- _HOW TO COMPLETE THIS TASK_
Lines from the one with "Saudi Arabia Vision" up to and including the one with "Motherboard 531991-001 for" are to be copied exactly from the records below, without their pictures.

- _THE RECORDS_
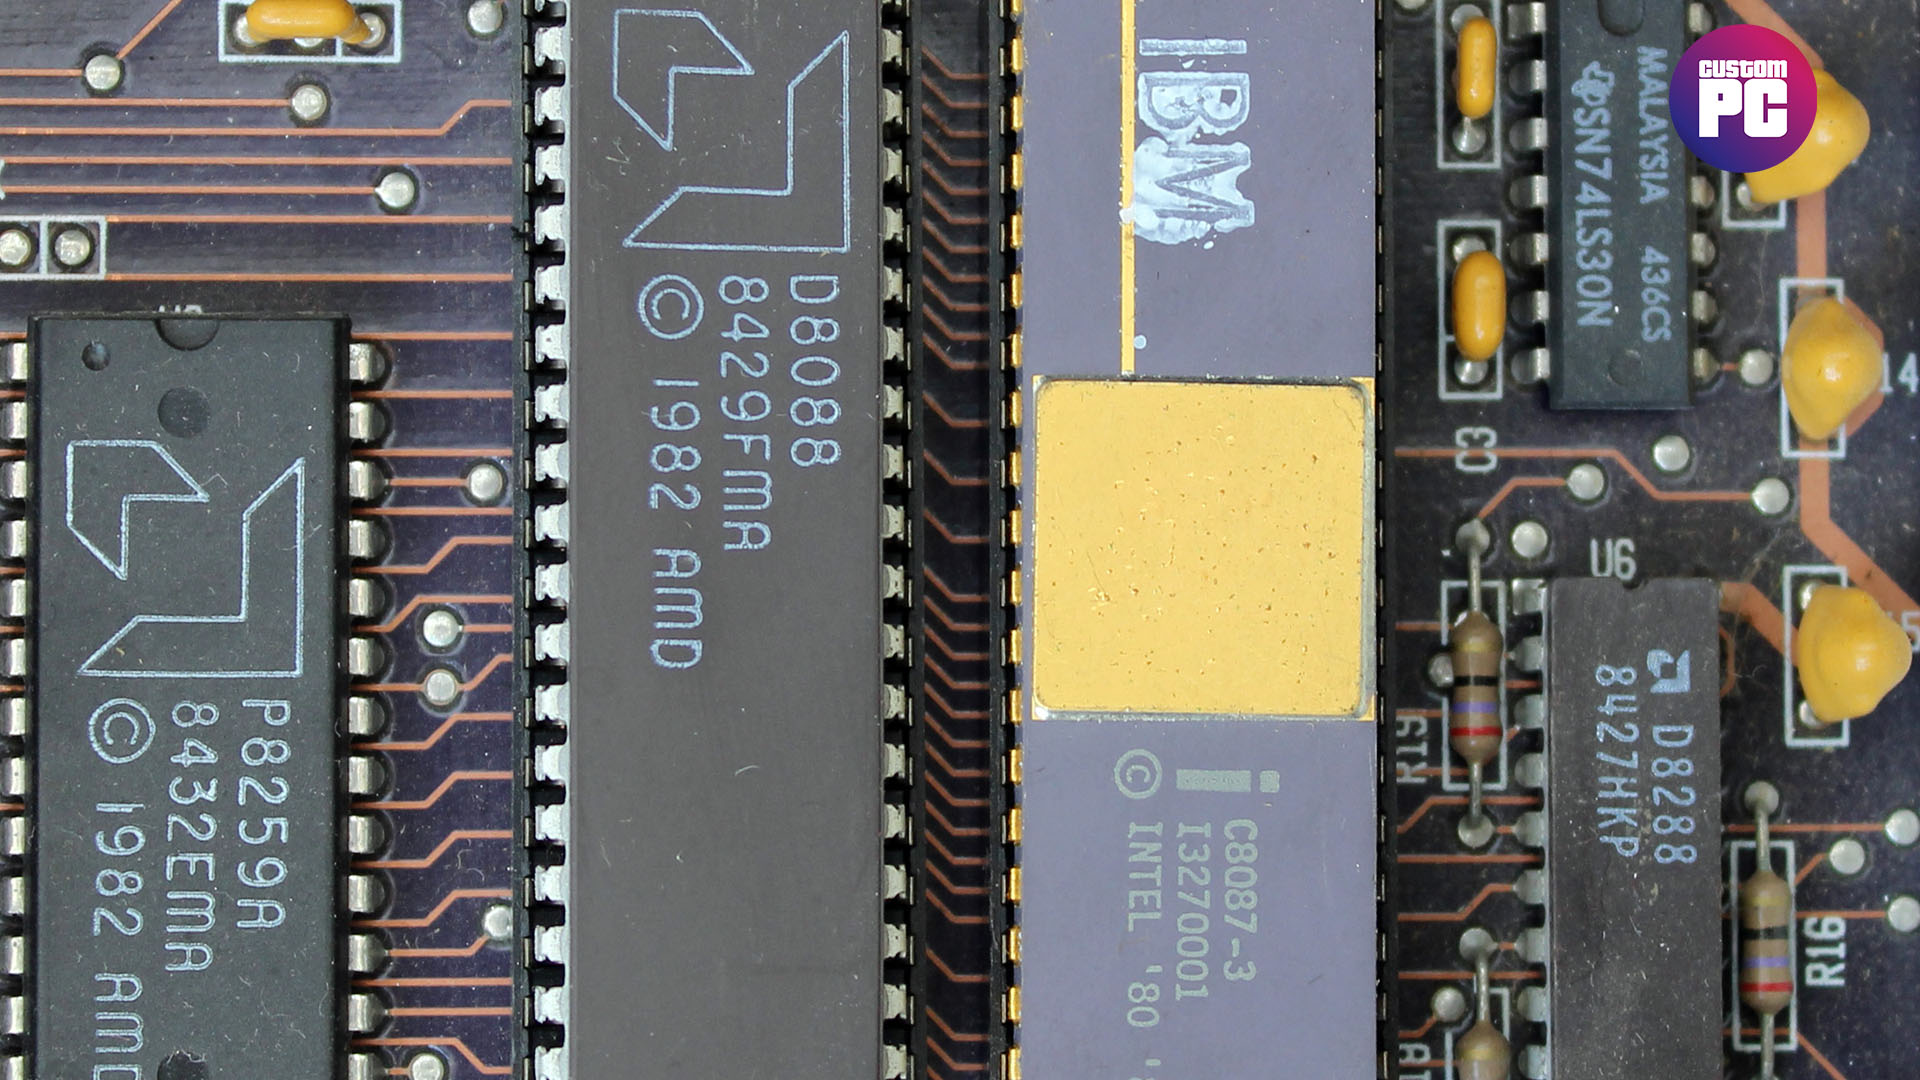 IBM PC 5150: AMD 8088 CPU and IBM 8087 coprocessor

...

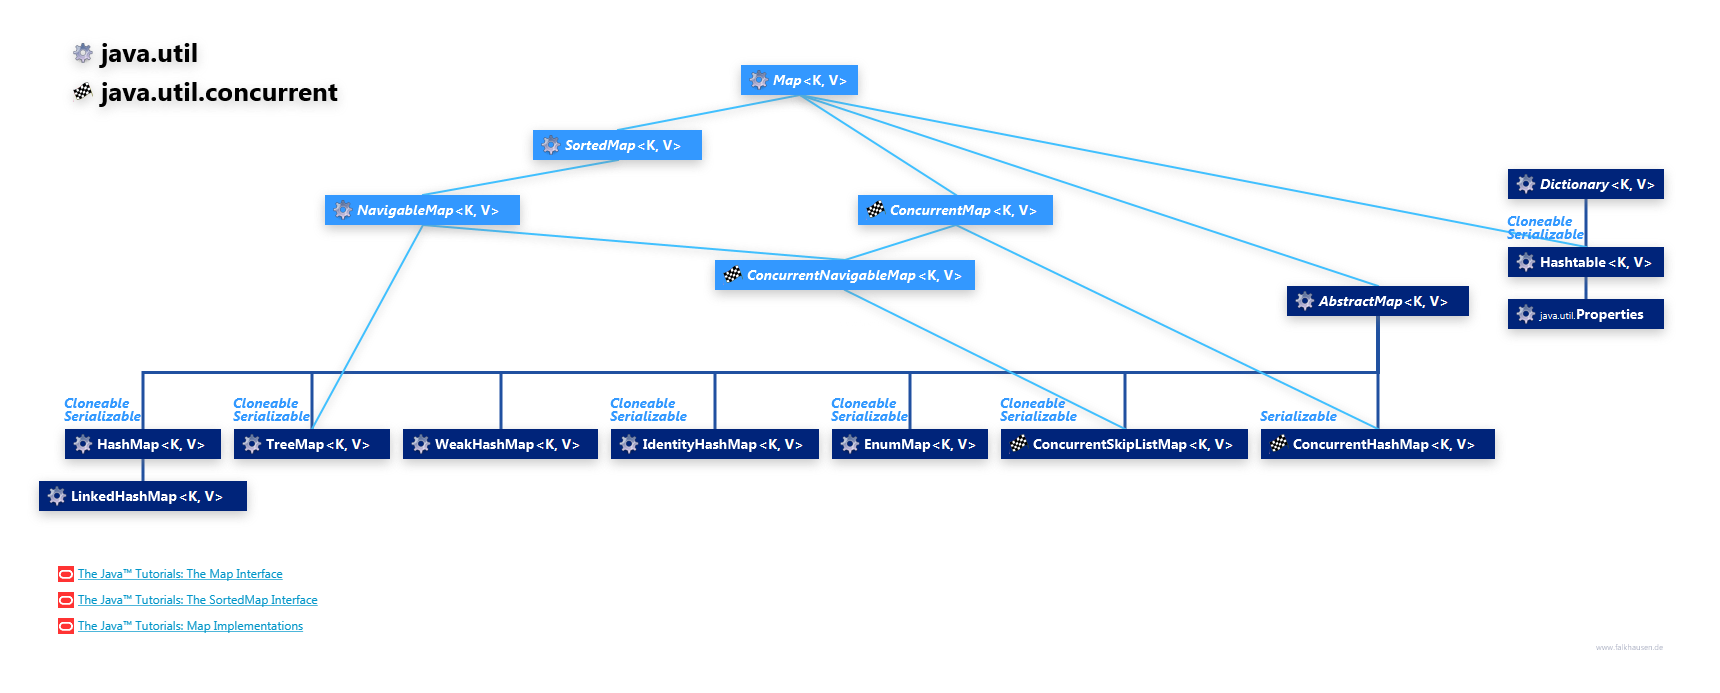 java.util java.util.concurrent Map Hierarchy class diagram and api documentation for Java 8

==

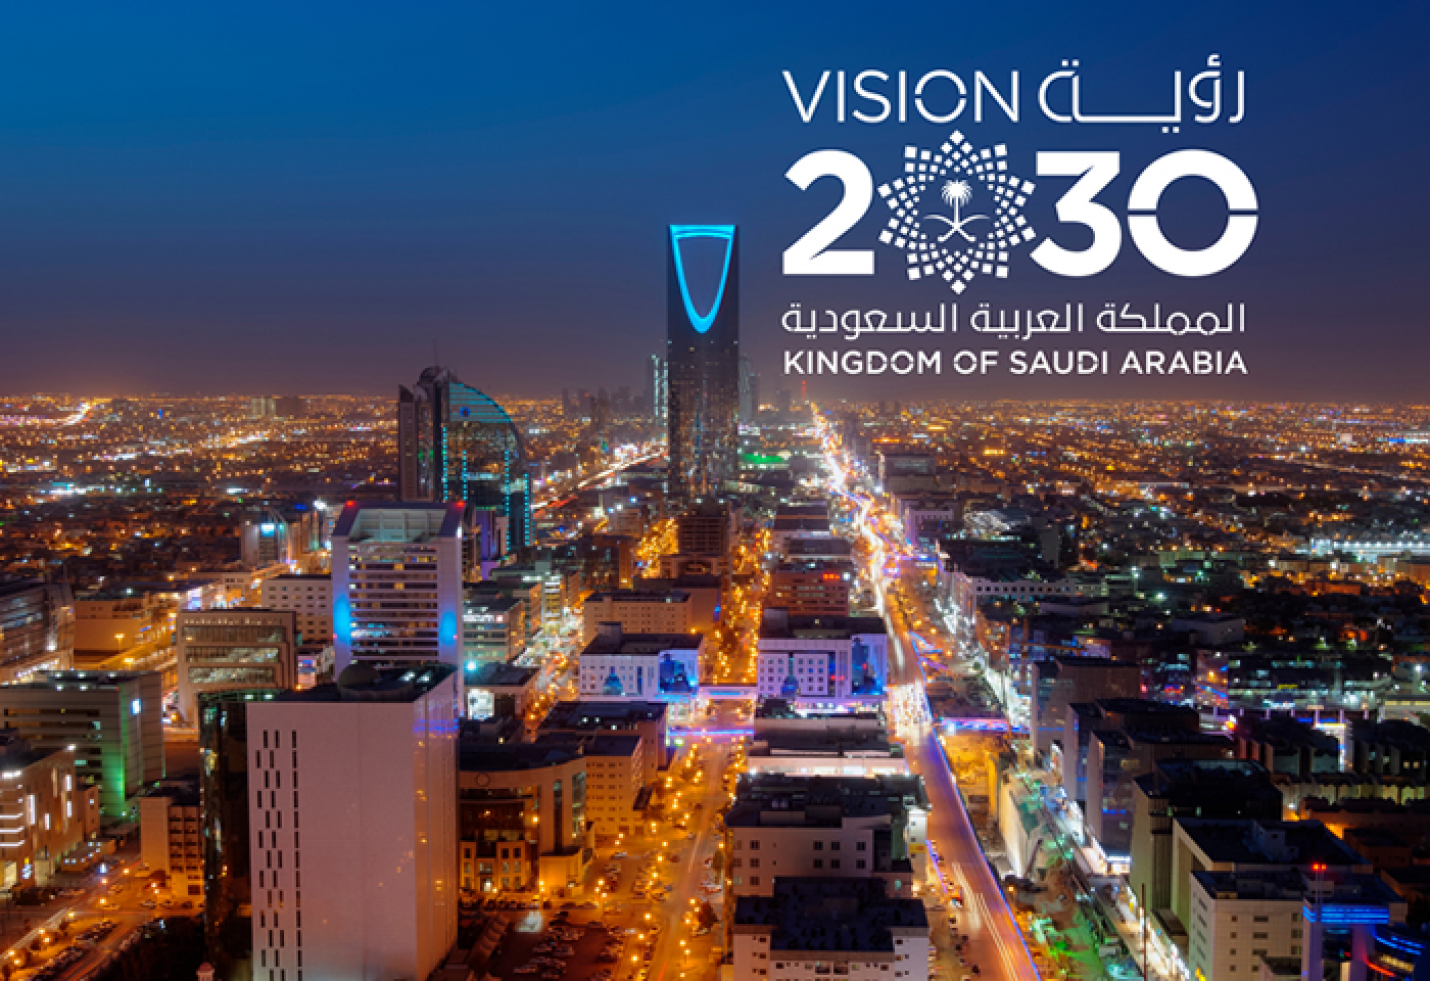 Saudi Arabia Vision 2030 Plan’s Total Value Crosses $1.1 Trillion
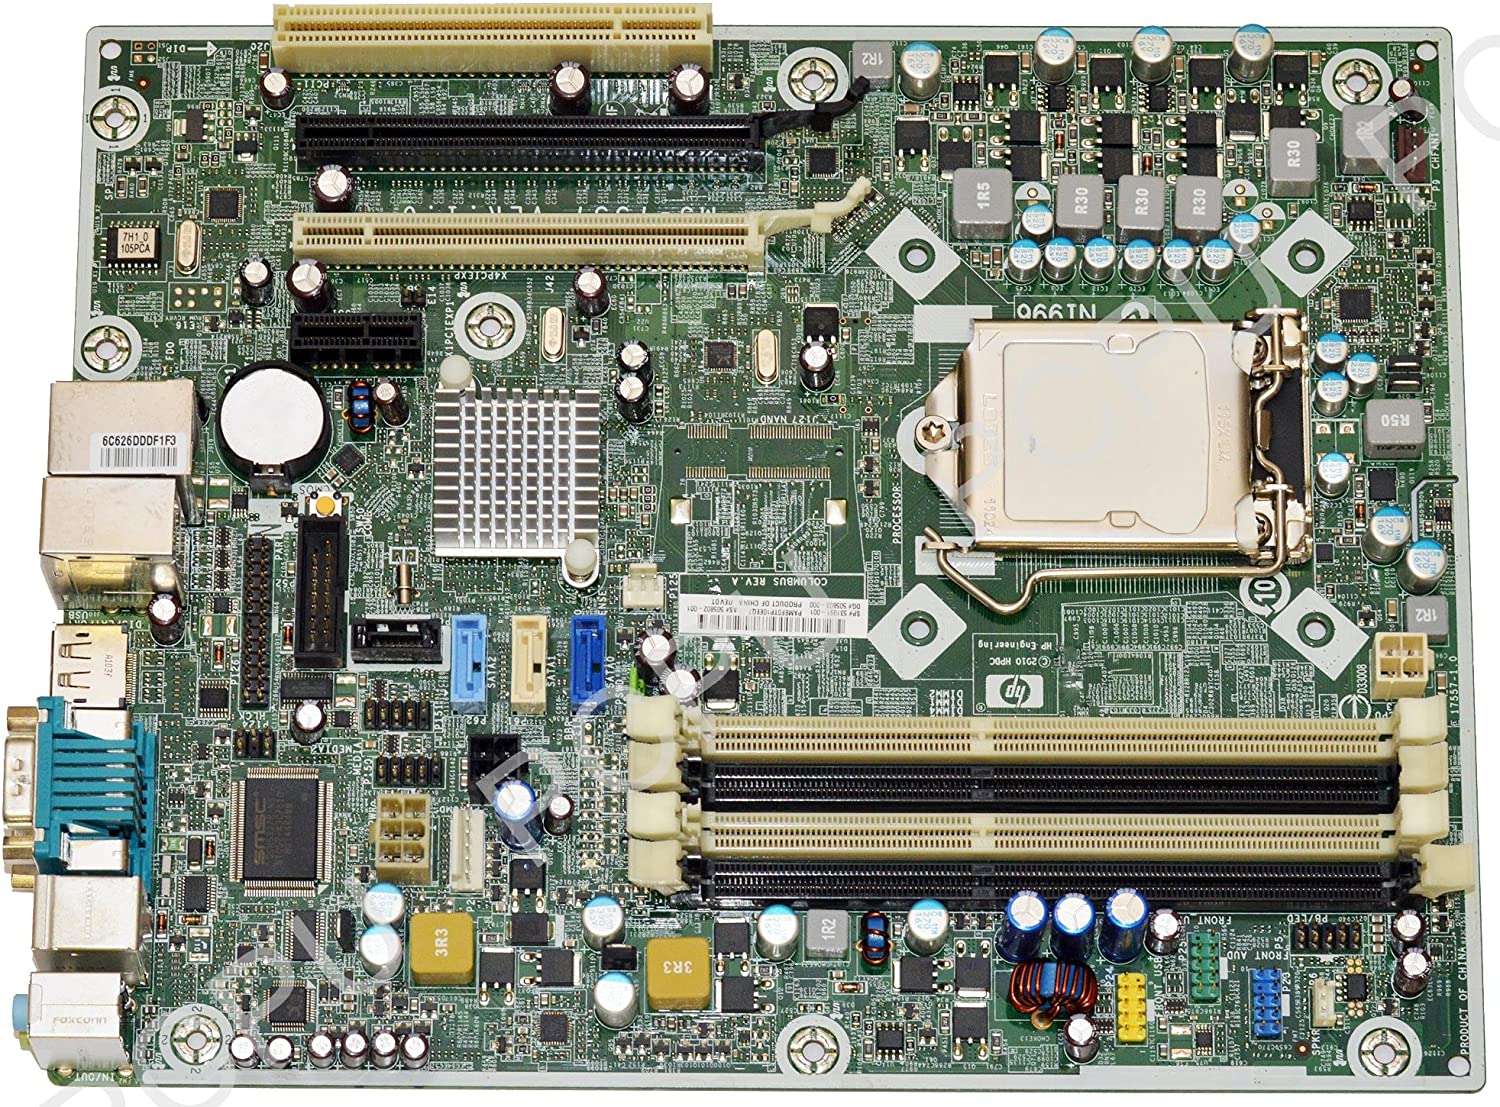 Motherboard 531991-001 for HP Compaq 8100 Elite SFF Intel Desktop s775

- _OUTPUT FOR THIS EXERCISE_
 Saudi Arabia Vision 2030 Plan’s Total Value Crosses $1.1 Trillion
 Motherboard 531991-001 for HP Compaq 8100 Elite SFF Intel Desktop s775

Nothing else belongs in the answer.